Die Hufeisennatter erobert die Balearen: Bedrohung für die Pityusen-Eidechse und die lokale Biodiversität

Die Ausbreitung der Hufeisennatter (Hemorrhois hippocrepis) auf den Balearen hat sich zu einer der größten Bedrohungen für die lokale Fauna entwickelt.

Diese invasive Art, die versehentlich zusammen mit Zierolivenbäumen von der Iberischen Halbinsel eingeführt wurde, hat einen Großteil von Ibiza und Formentera kolonisiert und den Rückgang der einheimischen Eidechsen verursacht, insbesondere der Pityusen-Eidechse (Podarcis pityusensis)**, die exklusiv für den Archipel ist und nun vom Aussterben bedroht ist.

Ursprung der Invasion

Die Ankunft der Hufeisennatter ist mit dem Handel von großen Zierolivenbäumen von der Halbinsel verbunden. 2003 wurde die erste Sichtung auf Ibiza registriert, und bis 2006 hatte sie Mallorca erreicht und 2010 Formentera.

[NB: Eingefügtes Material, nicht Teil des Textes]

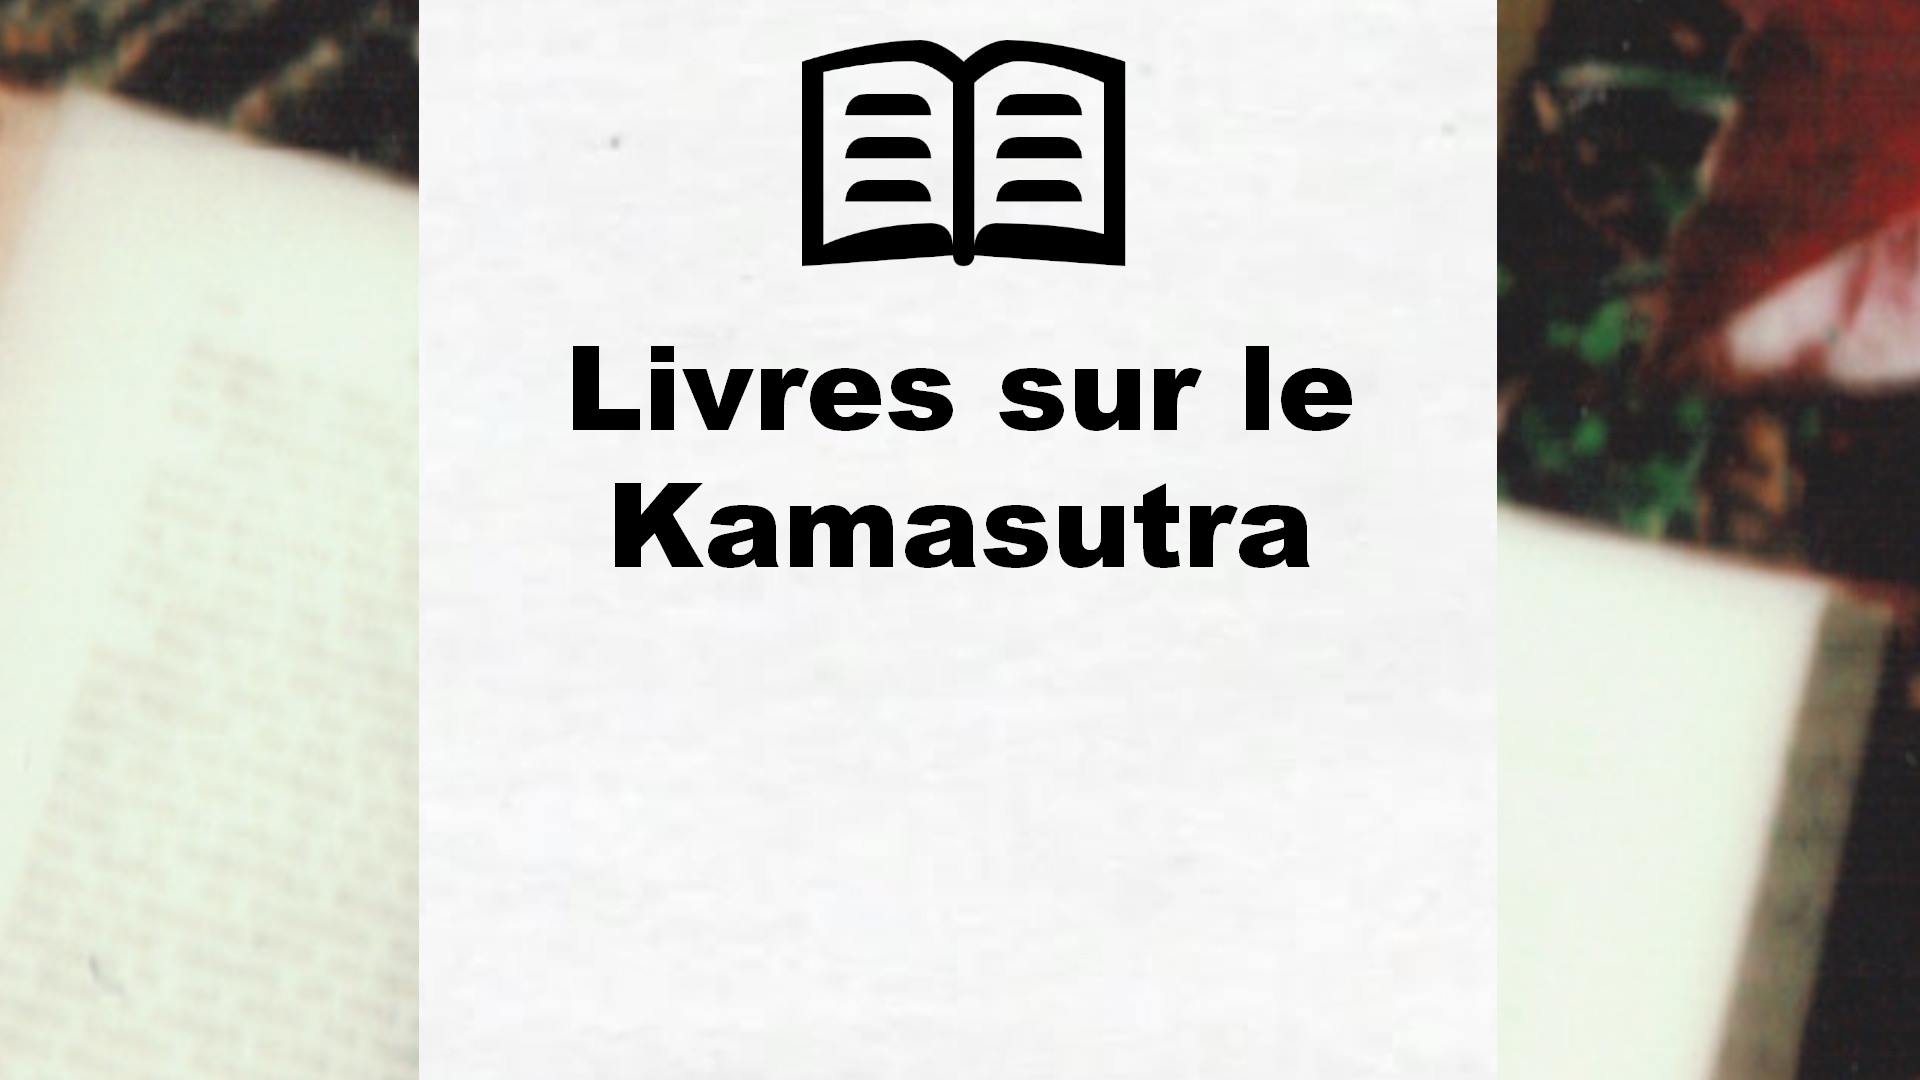 Livres sur le Kamasutra

Offizielle Studien zeigen, dass die Reptilien versteckt in den Wurzeln der für die Gartenarbeit transportierten Bäume reisten.

Es wurden sogar Fälle dokumentiert, die mit Zierunternehmen auf Ibiza in Verbindung stehen, was bestätigt, dass die Einführung nicht zufällig war.

Ein Superräuber ohne Konkurrenz

Auf den Balearen agiert die Hufeisennatter als Superräuber:

  • Sie ernährt sich von kleinen Säugetieren, anderen Schlangen und vor allem von lokalen Eidechsen.
  • Sie hat keine natürlichen Konkurrenten in der insularen Nahrungskette.
  • Sie hat 90% von Ibiza kolonisiert und es wurden bereits lokale Ausrottungen von Eidechsen auf mehreren Inselchen registriert.

2024 wurde erstmals dokumentiert, dass eine Natter im Balearenmeer schwimmt, um neue Inselchen zu erreichen, was ihre Ausbreitungsfähigkeit zeigt.

Ökologische Auswirkungen

Das Verschwinden der Pityusen-Eidechsen hat schwerwiegende Folgen:

  • Insektenkontrolle: Sie regulieren die Populationen von Gliederfüßern.
  • Samenausbreitung: Sie tragen zur pflanzlichen Regeneration bei.
  • Bestäubung: Sie nehmen am ökologischen Gleichgewicht der Inseln teil.

Ihr Verlust verändert das Ökosystem und begünstigt Ungleichgewichte, die sowohl die Biodiversität als auch die lokale Landwirtschaft beeinträchtigen.

Hufeisennatter
Die Hufeisennatter bedroht die einheimischen Eidechsen von Ibiza und Formentera.

Unzureichende Maßnahmen

Die balearische Regierung hat Beschränkungen für den Import von Bäumen während der Schlüpfzeiten von Schlangeneiern genehmigt, aber diese Maßnahmen kamen zu spät.

Seit 2016 wurden etwa 12.000 Schlangen gefangen, obwohl Experten die Bemühungen angesichts des Ausmaßes der Invasion als unzureichend betrachten.

Andere invasive Arten

Die Hufeisennatter ist nicht die einzige eingeführte Schlange auf den Balearen. Es gibt auch:

  • Treppennatter (Zamenis scalaris).
  • Vipernatter (Natrix maura).
  • Westliche Eidechsennatter (Malpolon monspessulanus).

Obwohl keine von ihnen für den Menschen gefährlich ist, stellen alle ein Risiko für die lokale Fauna dar. Die giftigen Vipern der Halbinsel (Aspisviper, Lataste-Viper und Kreuzotter) haben die Inseln noch nicht erreicht.

Die Invasion der Hufeisennatter auf den Balearen ist ein paradigmatischer Fall dafür, wie exotische Arten fragile Ökosysteme verändern können. Das Fehlen früher Maßnahmen ermöglichte es diesem Reptil, sich als dominanter Räuber zu etablieren und die Überlebensfähigkeit einzigartiger Arten wie der Pityusen-Eidechse zu gefährden.

Die Herausforderung besteht nun darin, ihre Ausbreitung einzudämmen und die insulare Biodiversität zu schützen, bevor die Verluste irreversibel sind.